The following papers directly informed the algorithms and concepts in this crate:

- Schaul, T., Quan, J., Antonoglou, I., & Silver, D. (2016). **Prioritized Experience Replay**. *International Conference on Learning Representations (ICLR)*. [arXiv:1511.05952](https://arxiv.org/abs/1511.05952) — basis for `PrioritizedExperienceReplay` and the priority-weighted sampling scheme.
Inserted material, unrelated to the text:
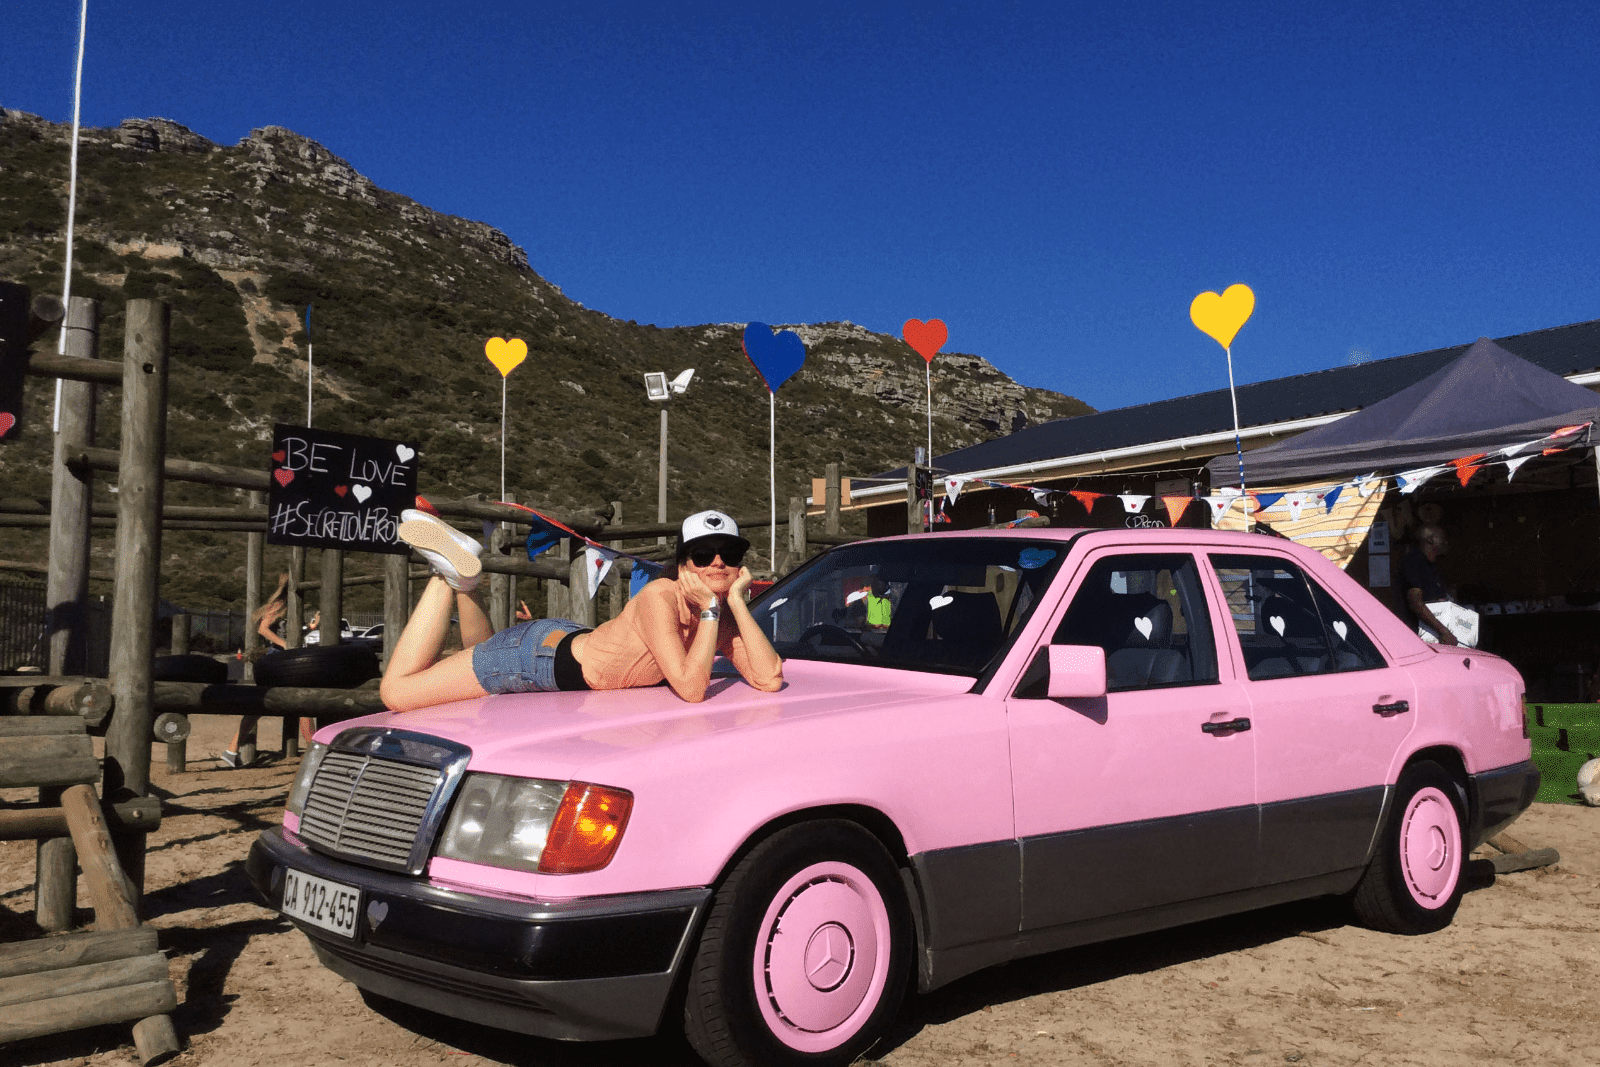 The signature pink car that The Secret Love Project used at events

- Sutton, R. S., & Barto, A. G. (2018). **Reinforcement Learning: An Introduction** (2nd ed.). MIT Press. — foundational framework for the `Environment` / `Snapshot` / `Reward` trait design, Bellman targets in `ExperienceTuple`, and the Terminated vs. Truncated episode status distinction.

- Puterman, M. L. (1994). **Markov Decision Processes: Discrete Stochastic Dynamic Programming**. Wiley [acm digital library](https://dl.acm.org/doi/10.5555/528623). — theoretical grounding for `MarkovState`, `BeliefState`, and `TransitionDynamics`.

## License

Licensed under either of [Apache License, Version 2.0](LICENSE-APACHE) or [MIT License](LICENSE-MIT) at your option.